| Exercise |
Output all the data exactly. Pictures do not belong in the copy.

Information supplied: Begin

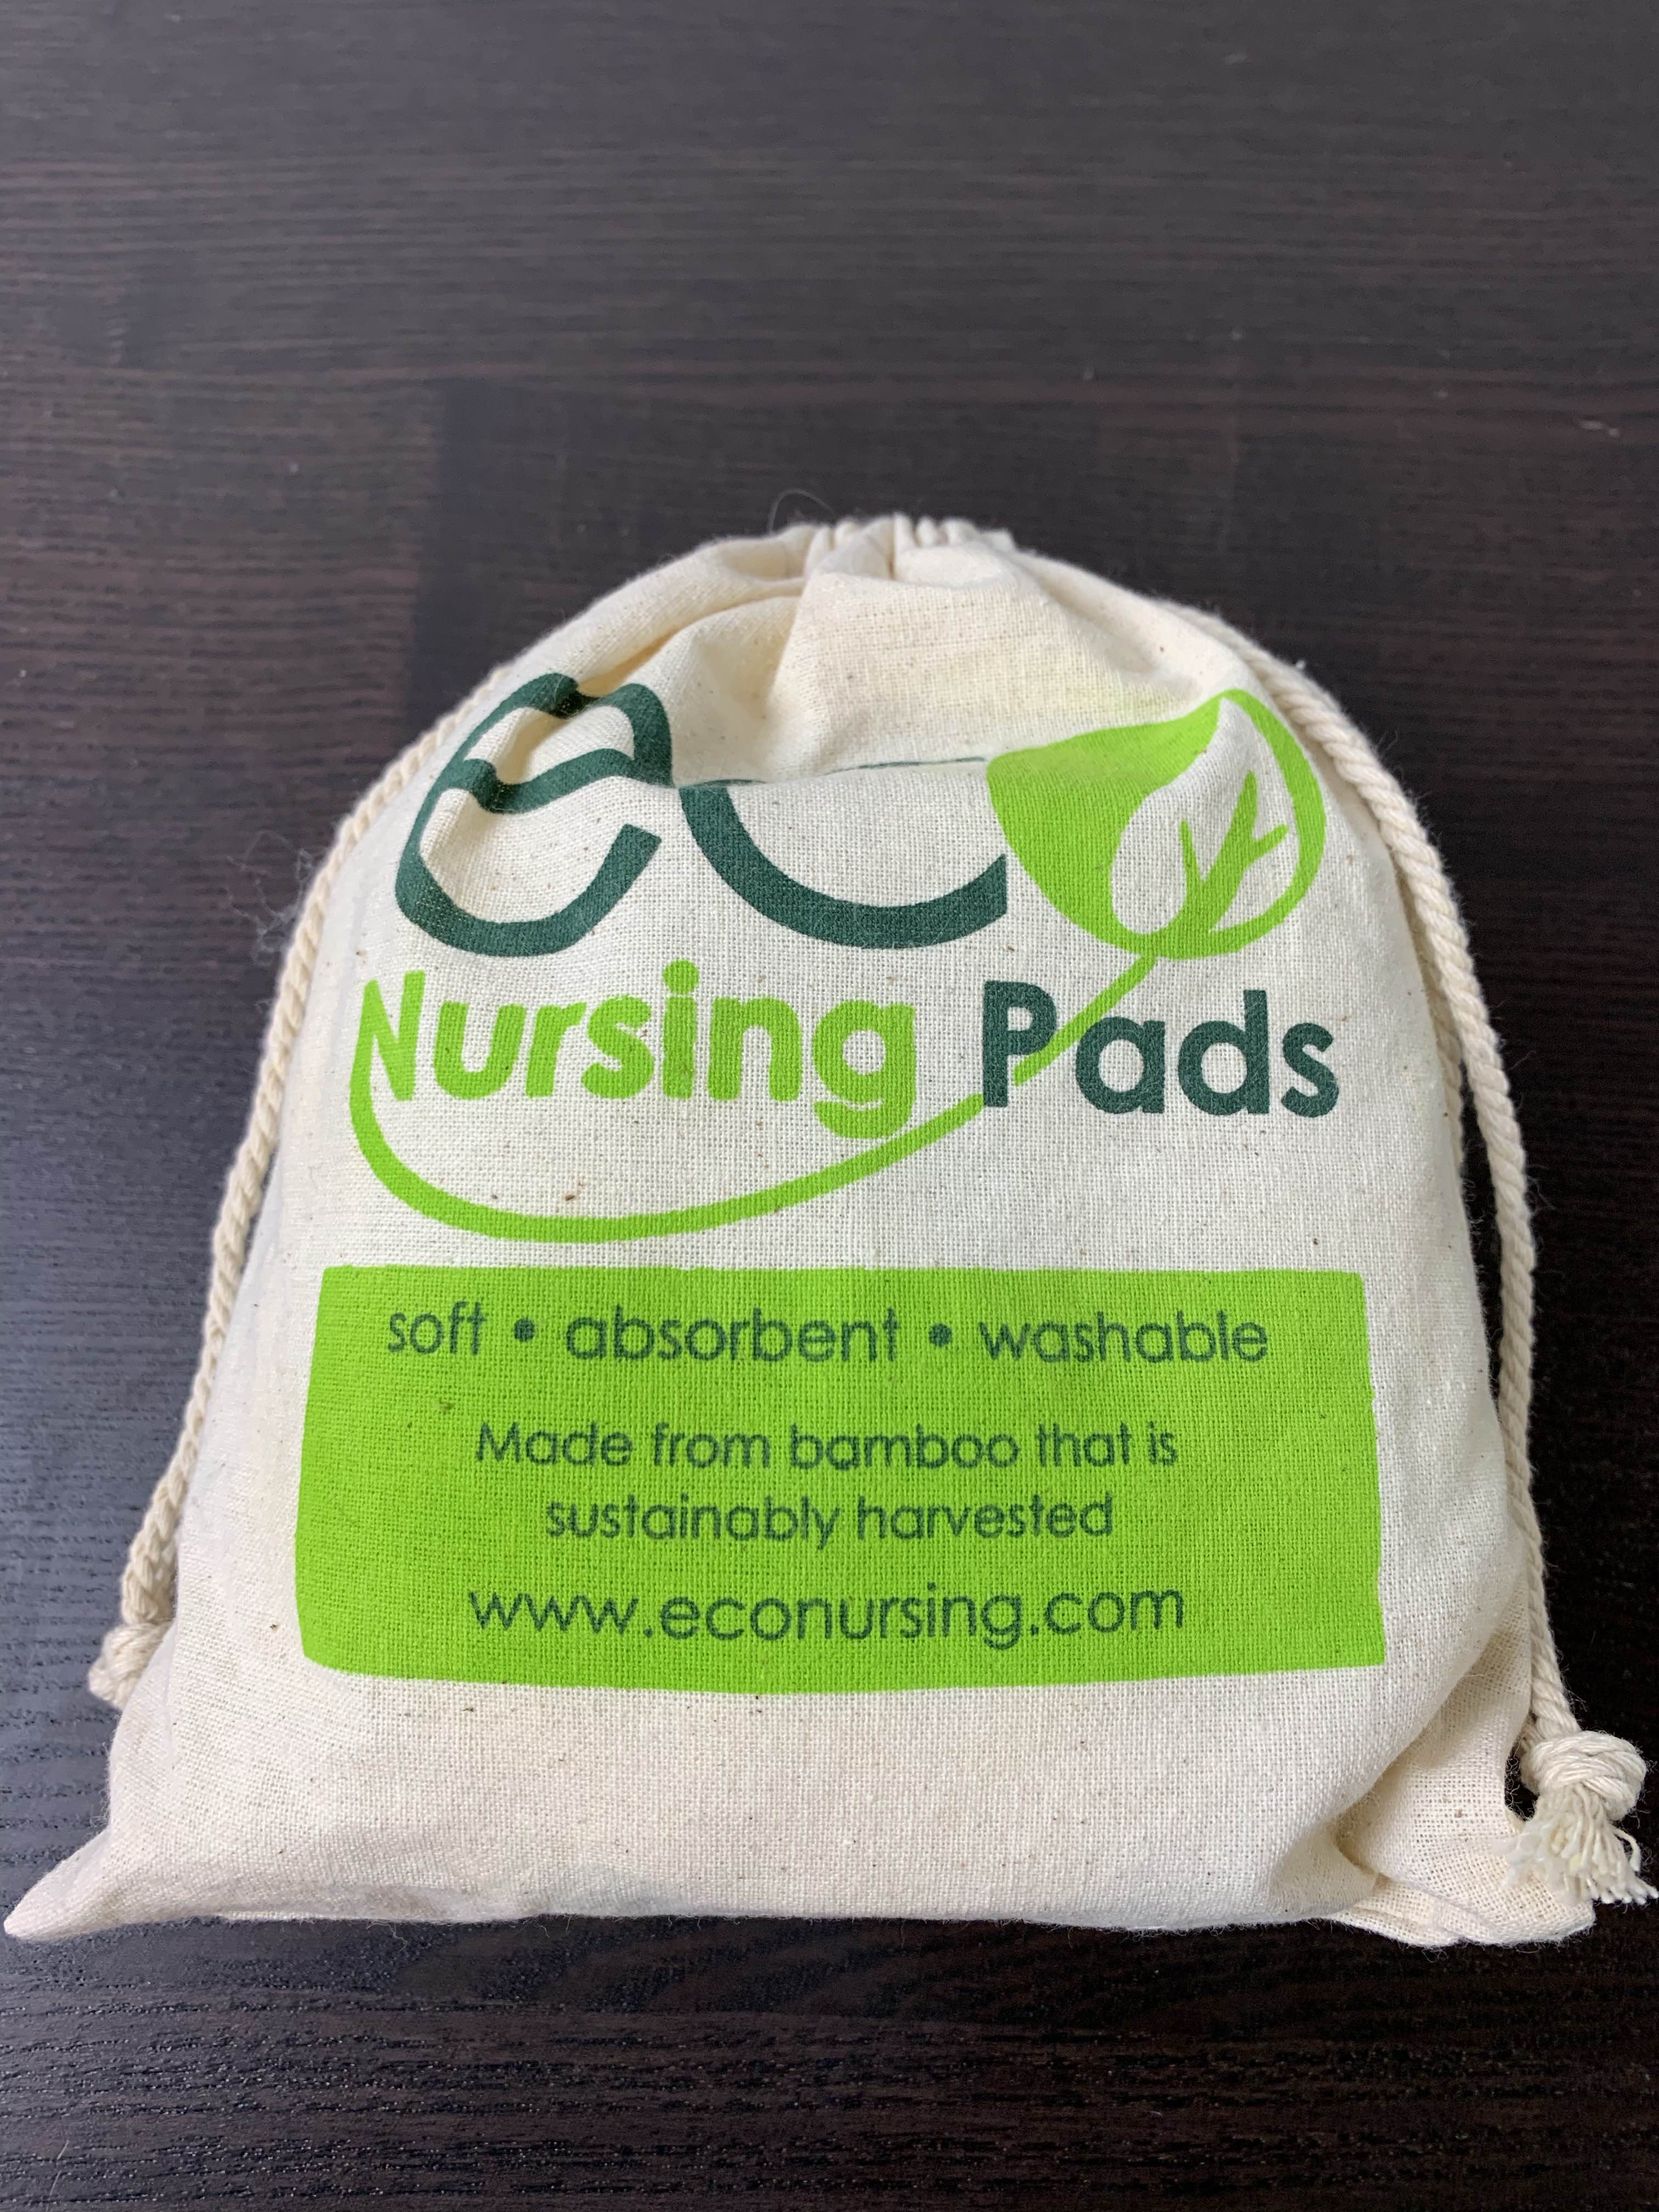  Washable Reusable Bamboo Nursing Pads, Organic Bamboo Breastfeeding  Pads, 4 Flower Pads, 10 Pack with 2 Pouches & E-Book : Baby
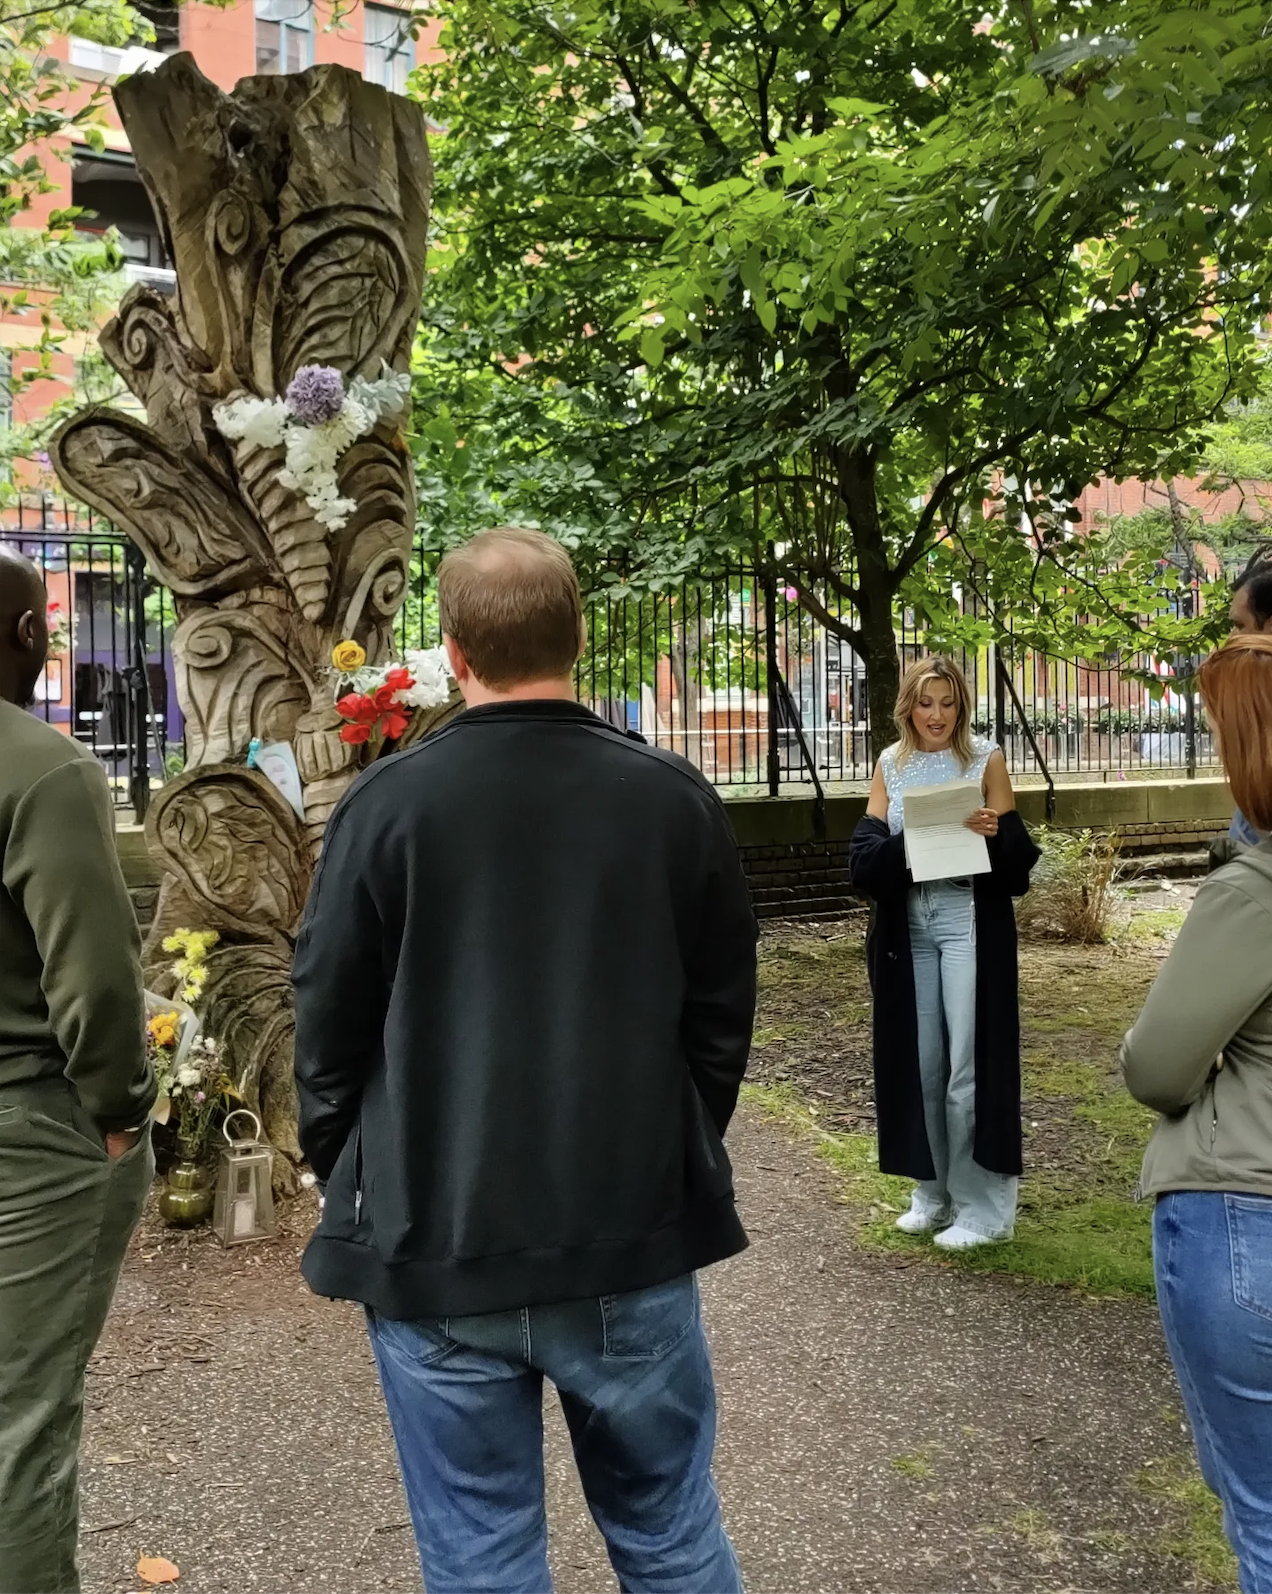 LGBTQ+ History Tour of Manchester hosted by Gill Fordham (she/her) from Thoughtworks
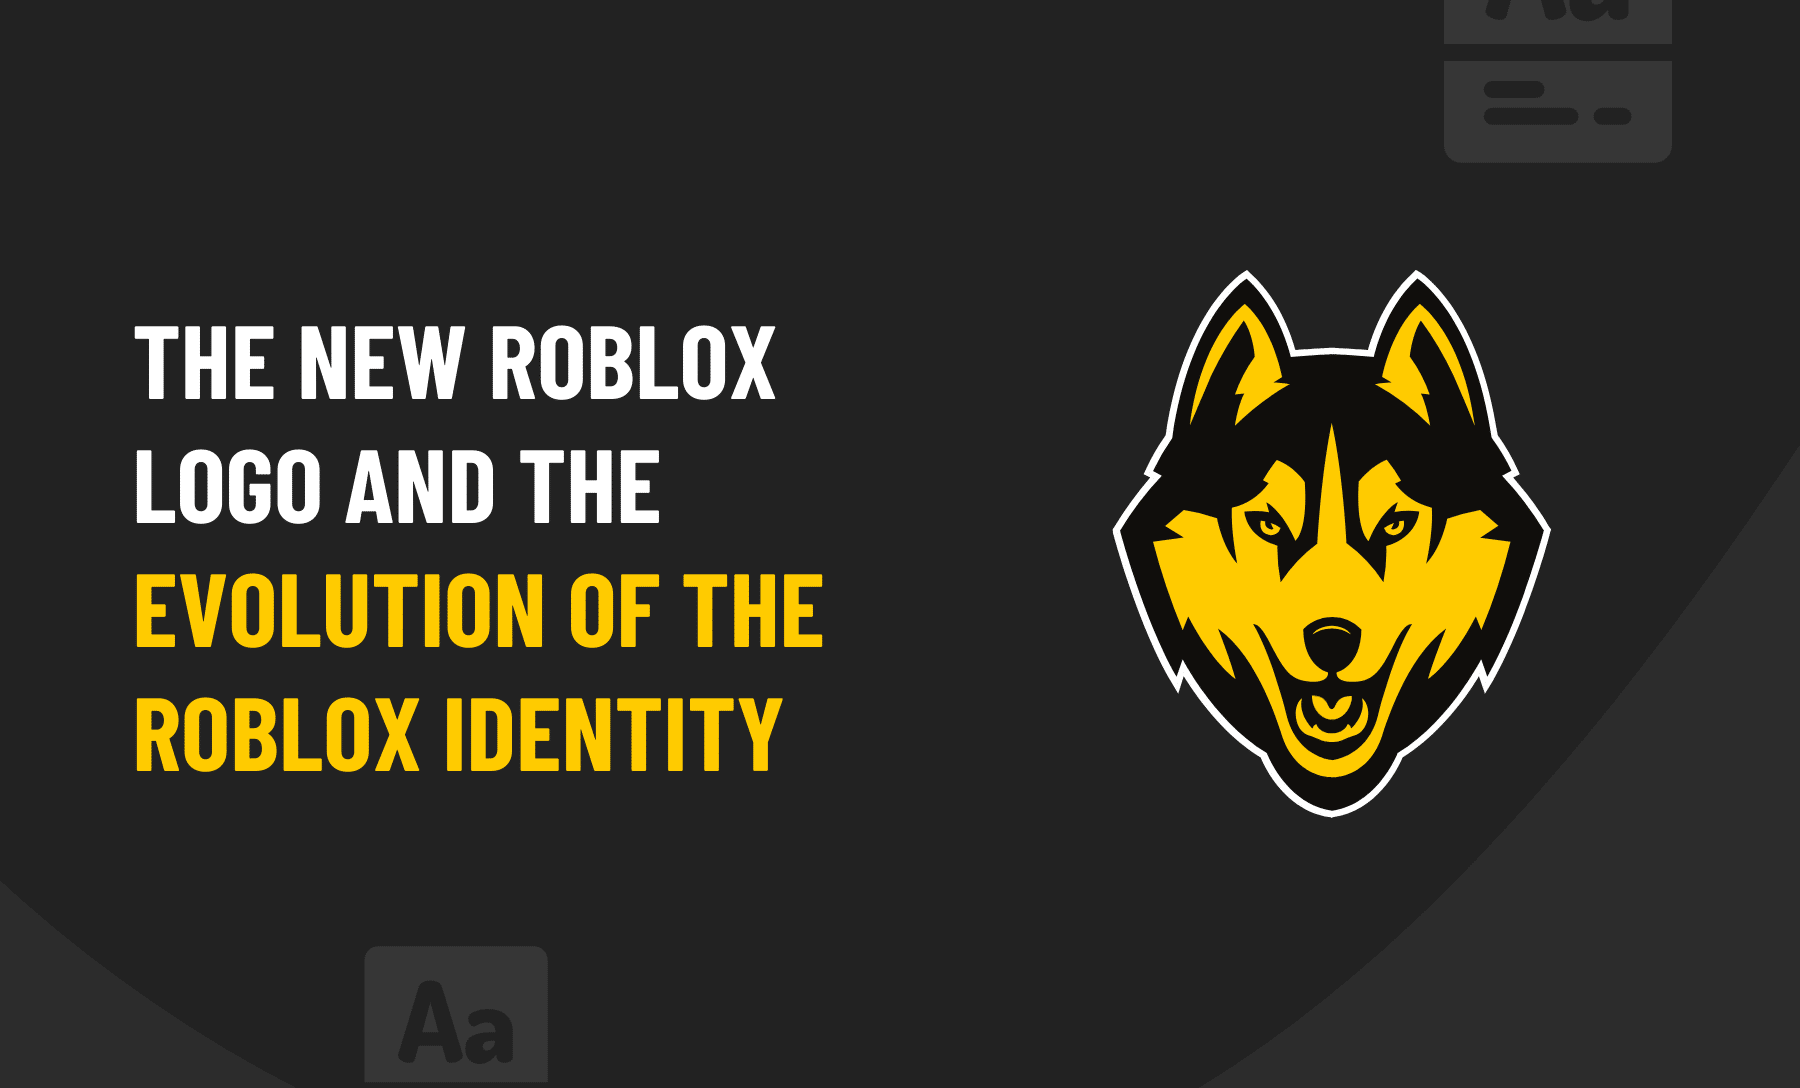 The evolution of the Roblox Studio logo #fyp #roblox #robloxfyp #guest

Information supplied: End

| Result of the task |
  Washable Reusable Bamboo Nursing Pads, Organic Bamboo Breastfeeding  Pads, 4 Flower Pads, 10 Pack with 2 Pouches & E-Book : Baby
 LGBTQ+ History Tour of Manchester hosted by Gill Fordham (she/her) from Thoughtworks
 The evolution of the Roblox Studio logo #fyp #roblox #robloxfyp #guest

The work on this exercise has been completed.